RECORDED DATA

= = = =

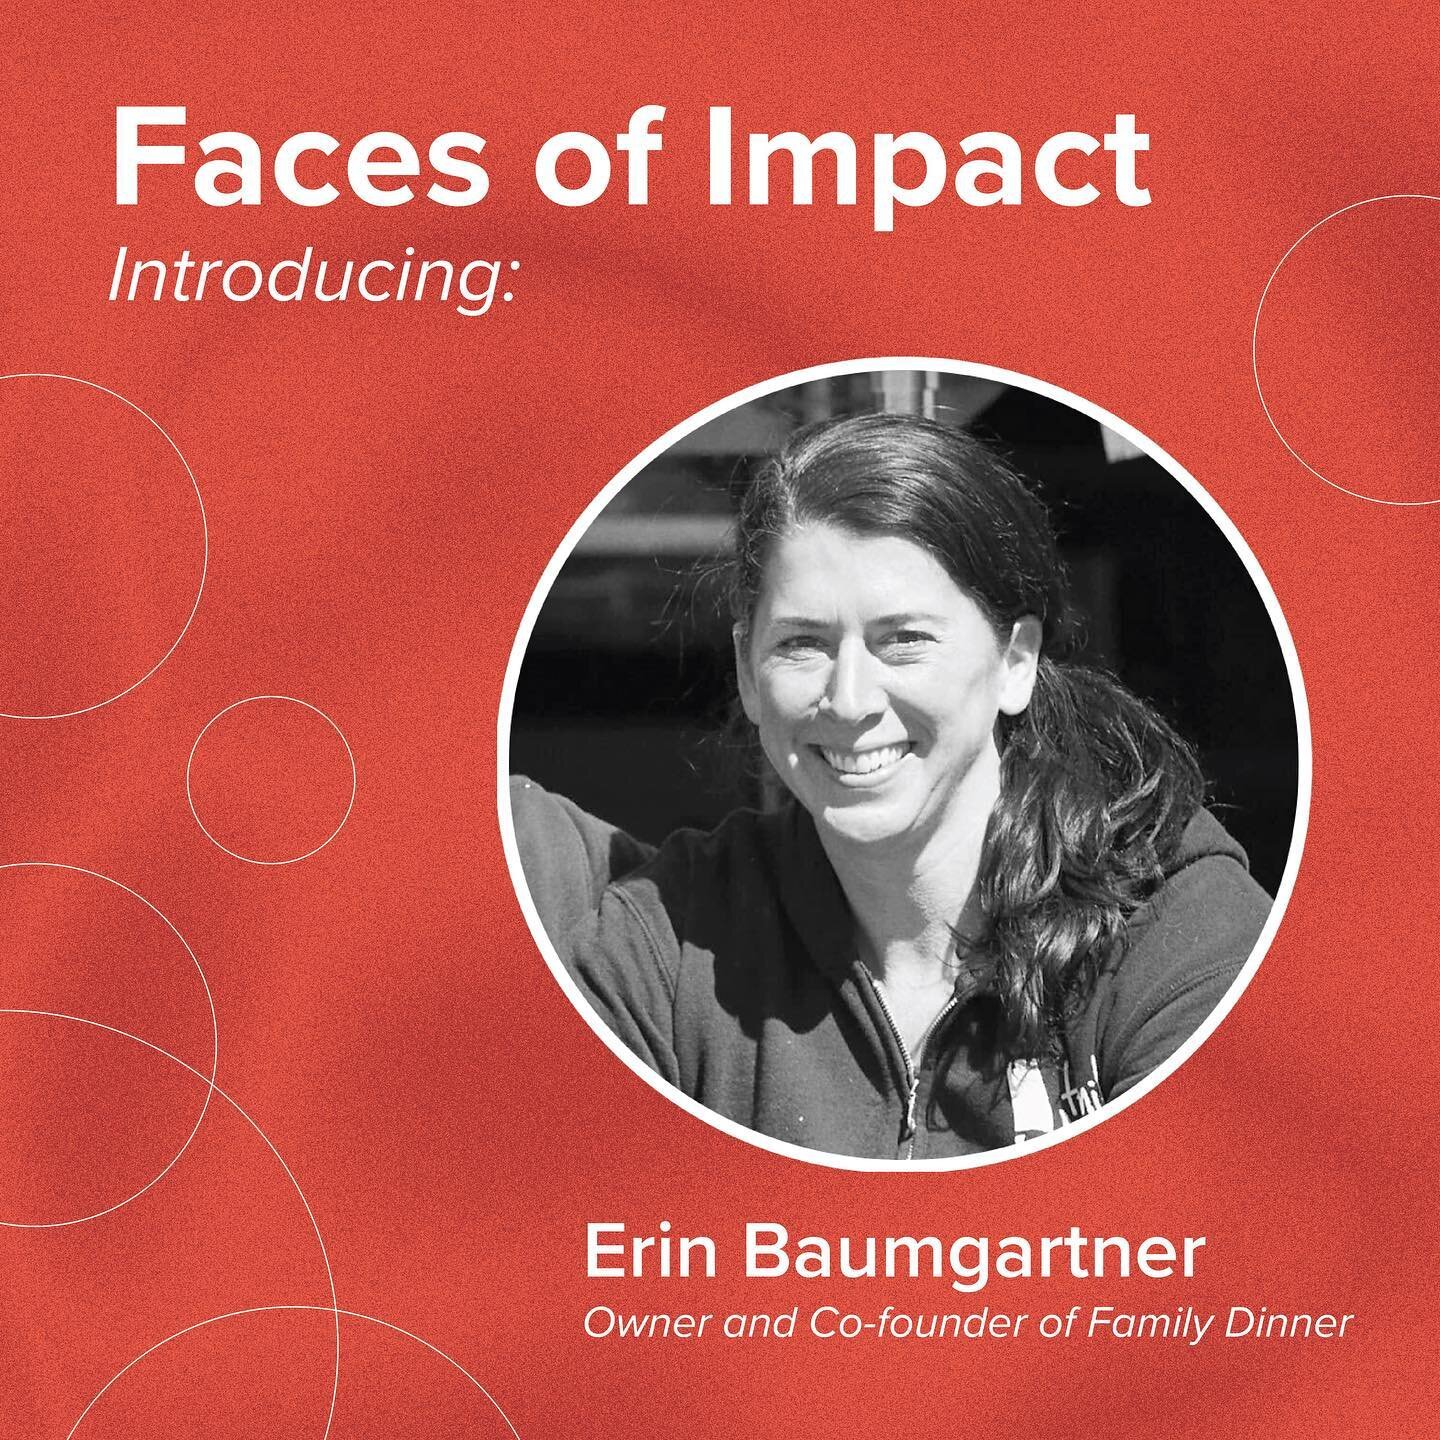 To kick off our faces of impact series, we have Co-founder and owner of Family Dinner, Erin Baumgartner!🤩 be sure to check out our story for highlights from her Q&amp;A session!

Family Dinner is a Community Supported Agriculture (CSA) organization 
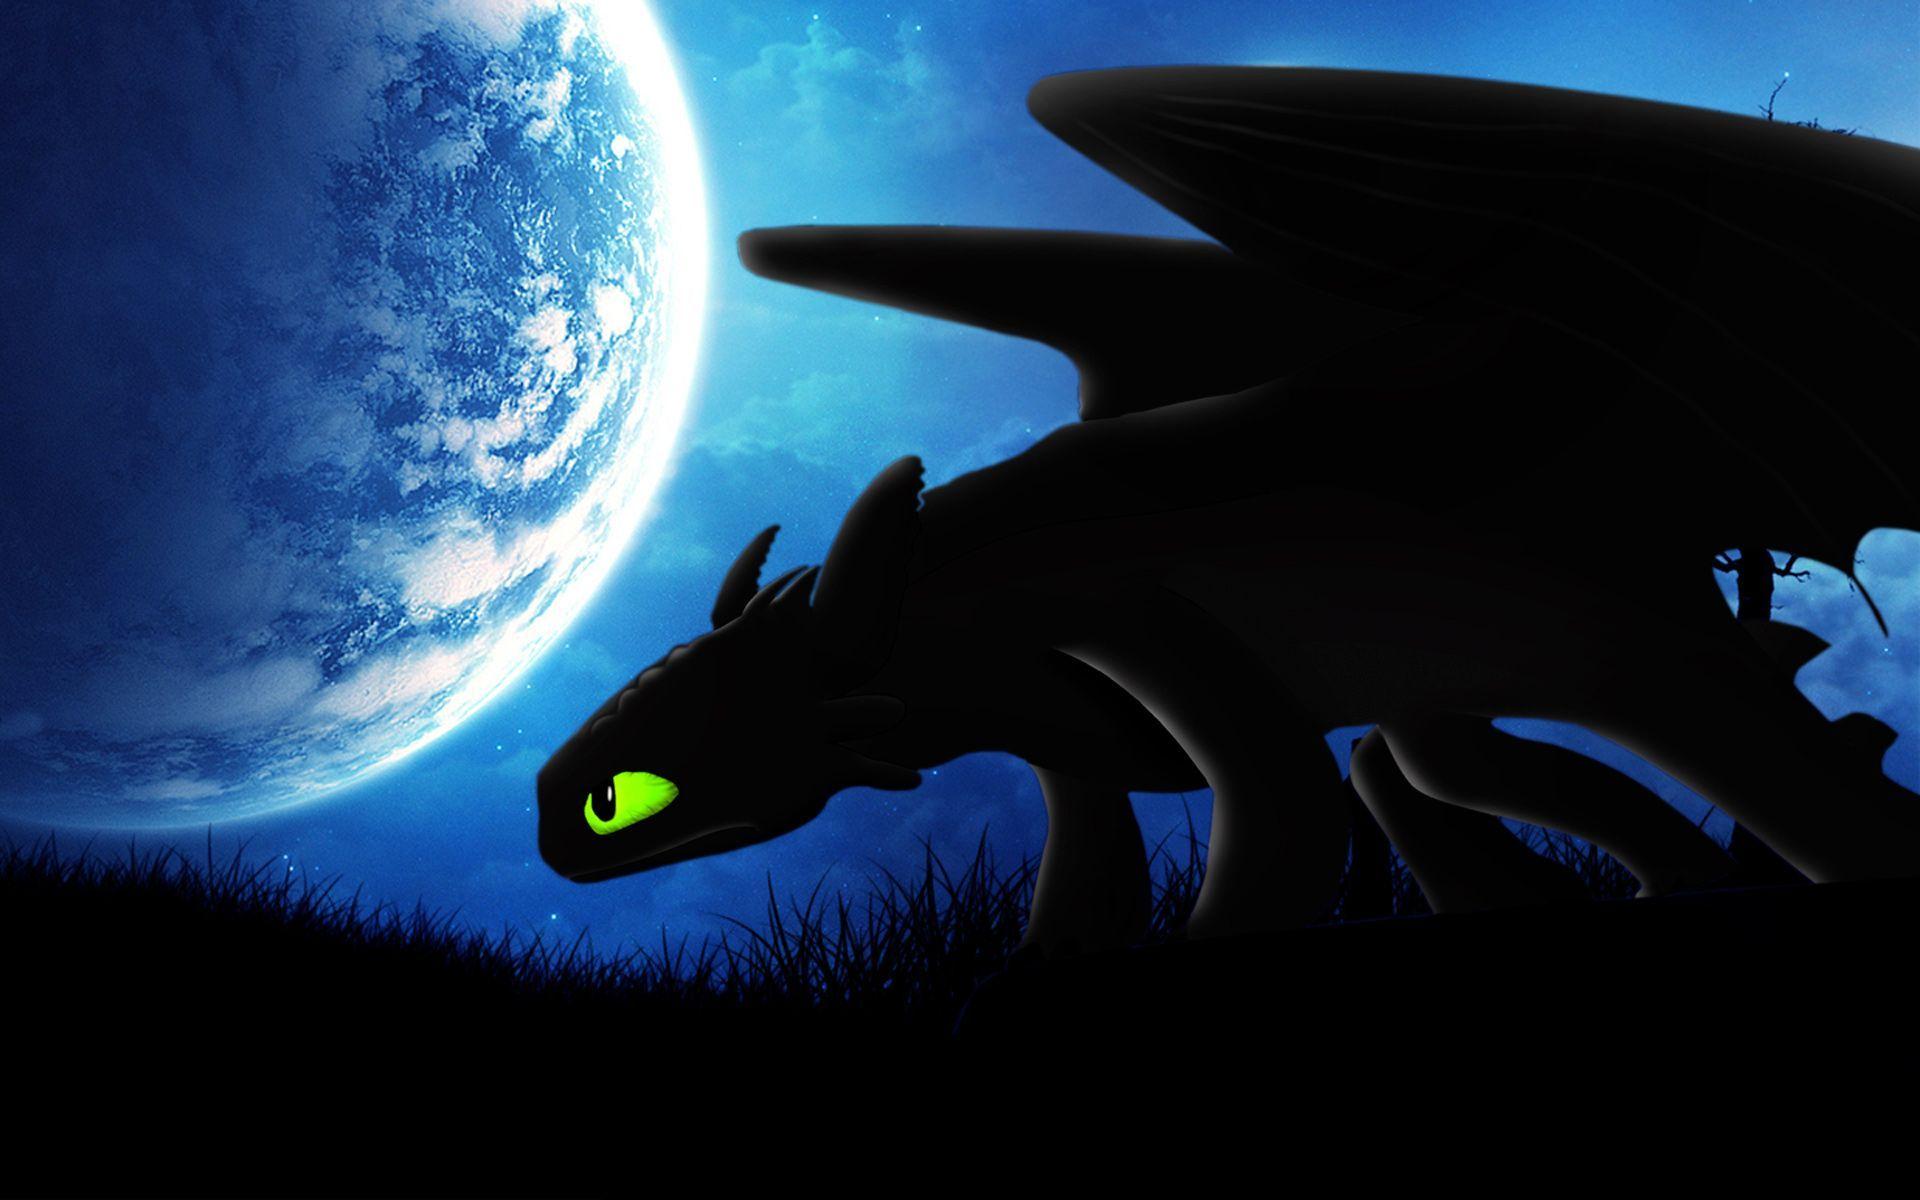 Dragons Wallpaper HD, Desktop Background, Image and Picture

= = = =

WORK TO BE COMPLETED
Reproduce the data above exactly, leaving each picture out.

ANSWER SPACE
 To kick off our faces of impact series, we have Co-founder and owner of Family Dinner, Erin Baumgartner!🤩 be sure to check out our story for highlights from her Q&amp;A session!

Family Dinner is a Community Supported Agriculture (CSA) organization 
 Dragons Wallpaper HD, Desktop Background, Image and Picture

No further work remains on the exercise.